El presidente de Estados Unidos, Donald Trump, hace un gesto mientras habla con los periodistas después de llegar al jardín sur de la Casa Blanca en Washington, DC, el 15 de mayo de 2026.
Alex Wroblewski | AFP | Imágenes falsas
El presidente Donald Trump dijo el martes que él y su gabinete ya no se reunirán en Camp David el miércoles, sino que se reunirán en la Casa Blanca.
El viaje fue cancelado “debido a las posibles malas condiciones climáticas”, dijo Trump en una publicación de Truth Social.
CNBC había confirmado el viaje planeado al retiro boscoso de Maryland el martes por la mañana, horas después de que nuevos ataques estadounidenses en Irán generaran preocupaciones sobre un acuerdo de paz anticipado.
El presidente y sus altos funcionarios estaban preparados para discutir cuestiones tanto internas como externas, dijo un funcionario de la Casa Blanca al New York Post, que informó por primera vez sobre el viaje planeado el martes.
Incluyen los “éxitos recientes de la administración, incluidos los triunfos económicos y de las pequeñas empresas, los aspectos más destacados del Grupo de Trabajo para Eliminar el Fraude y las actualizaciones de la política exterior”, dijo el funcionario al Post. La Casa Blanca confirmó el informe del Post a CNBC.
Si bien Trump abandona con frecuencia la Casa Blanca para pasar tiempo en otro lugar, generalmente opta por viajar a sus propias propiedades y rara vez visita Camp David en cualquiera de sus mandatos presidenciales.
Históricamente, la propiedad presidencial ha sido el lugar de algunos importantes avances políticos estadounidenses, incluidos los Acuerdos de Camp David de 1978, que fueron firmados por el presidente Jimmy Carter, el presidente egipcio Anwar Sadat y el primer ministro israelí Menachem Begin y sentaron las bases para un tratado de paz entre Israel y Egipto.
Se espera que la actual guerra entre Estados Unidos e Israel en Medio Oriente sea un tema principal de discusión en la reunión del Gabinete del miércoles.

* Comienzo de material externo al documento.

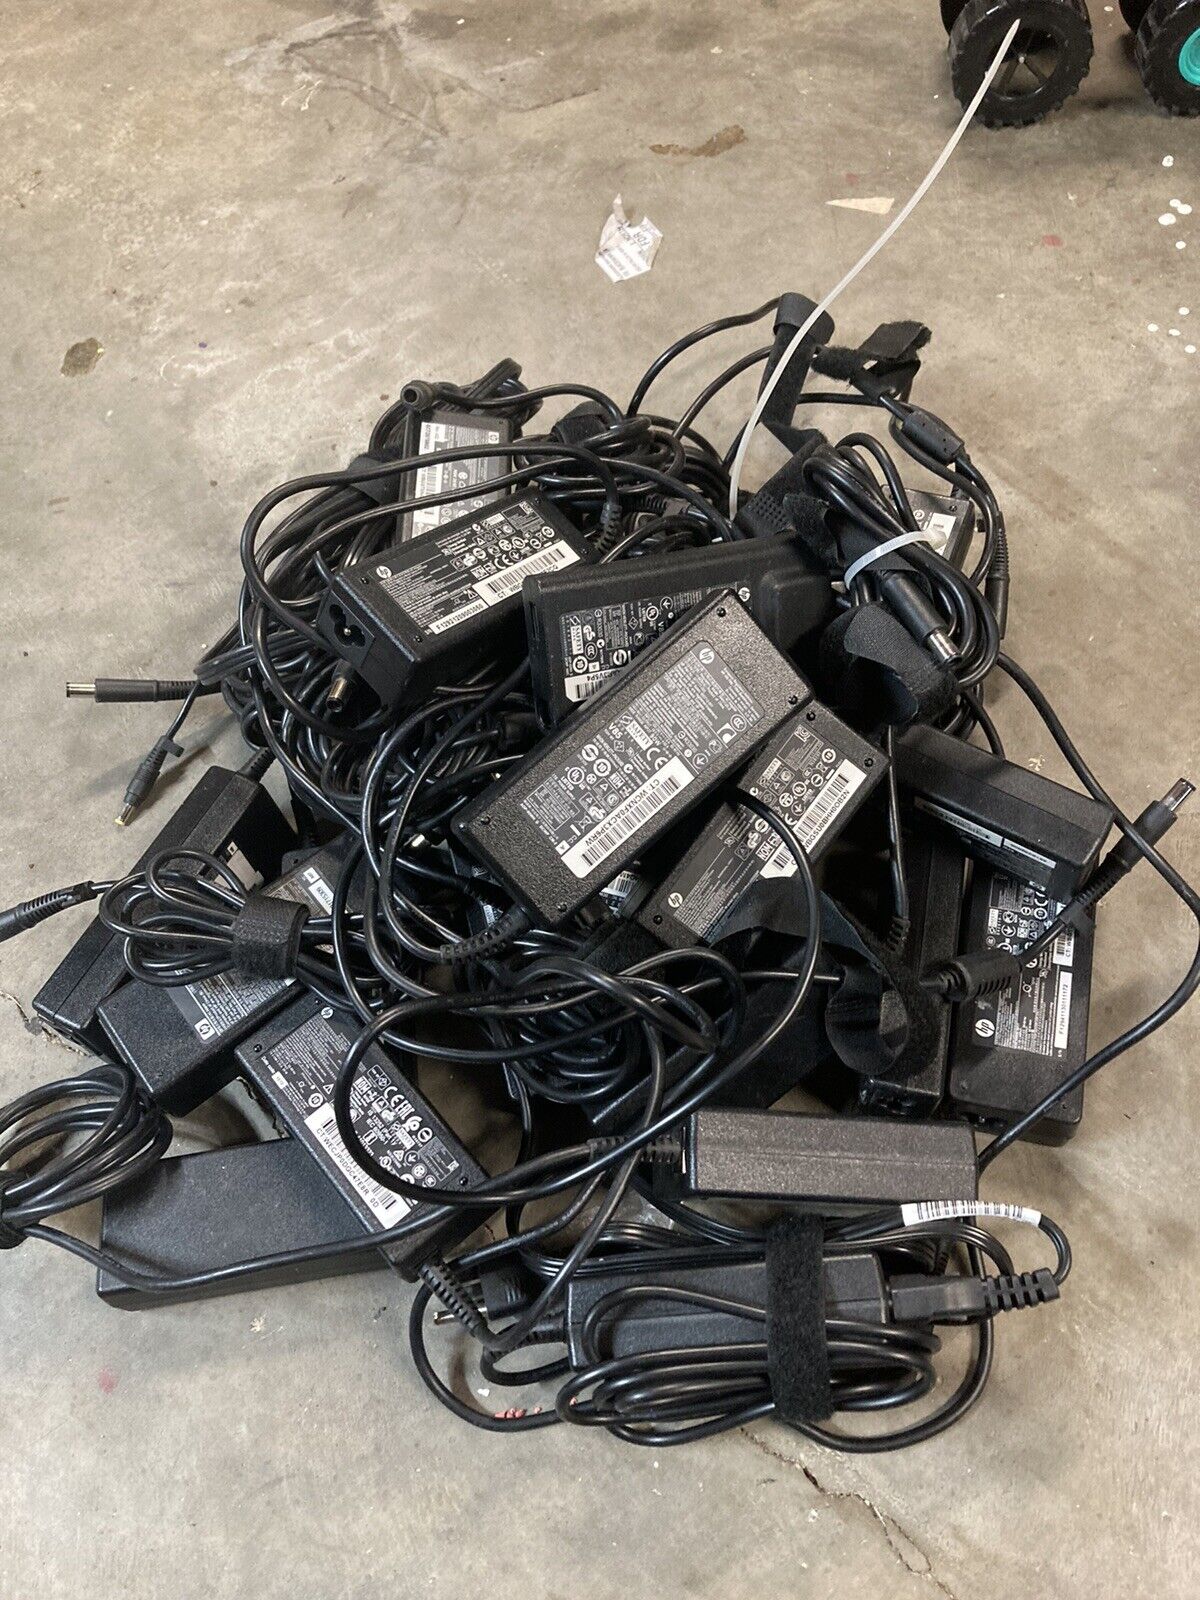 Lot of 22 Miscellaneous  Genuine  HP  Power Adapters

Las crecientes señales de progreso diplomático en los últimos días, incluida la afirmación de Trump en una publicación de Truth Social el sábado de que un acuerdo entre Estados Unidos e Irán “ha sido negociado en gran medida”, llevaron a muchos observadores a creer que el fin de la guerra de casi tres meses era inminente.
Pero no surgió ningún acuerdo durante el fin de semana, y Trump luego pareció matizar su lenguaje, escribiendo el lunes que un eventual acuerdo con Irán “será grandioso y significativo, o no habrá acuerdo”.
Si las negociaciones fracasan, será “Volver al frente de batalla y disparar, pero más grande y más fuerte que nunca. ¡Y nadie quiere eso!”. escribió en otra publicación el lunes por la mañana.
Posteriormente, las fuerzas estadounidenses llevaron a cabo ataques en el sur de Irán el martes por la mañana, hora local. El Comando Central de Estados Unidos dijo que las acciones se tomaron en defensa propia para “proteger a nuestras tropas de las amenazas planteadas por las fuerzas iraníes”.
Los funcionarios de la administración continúan insistiendo en que al menos se vislumbra un acuerdo a corto plazo, incluso cuando los medios de comunicación informan que algunos de los mayores puntos conflictivos aún se están debatiendo.
El Estrecho de Ormuz, la vital ruta comercial cuyo cierre de facto en medio de la guerra ha causado un shock histórico en el suministro de energía global, tiene que ser reabierto “de una forma u otra”, dijo el martes el Secretario de Estado Marco Rubio, según Reuters.
Rubio también dijo que más conversaciones sobre el lenguaje del acuerdo podrían “llevar algunos días”.
Trump lanzó una bola curva a la mezcla cuando, en una de sus publicaciones en las redes sociales el lunes, dijo que estaba “solicitando obligatoriamente” que una serie de naciones del Medio Oriente “firmaran inmediatamente los Acuerdos de Abraham” para normalizar las relaciones con Israel como parte de un acuerdo con Irán. Pakistán ya rechazó la propuesta, informó Reuters.
La directora de Inteligencia Nacional, Tulsi Gabbard, que anunció la semana pasada que dimitiría a finales de junio debido a la enfermedad de su marido, estaba lista para asistir a la reunión de Camp David. No se supo de inmediato si asistiría a la reunión del Gabinete de la Casa Blanca.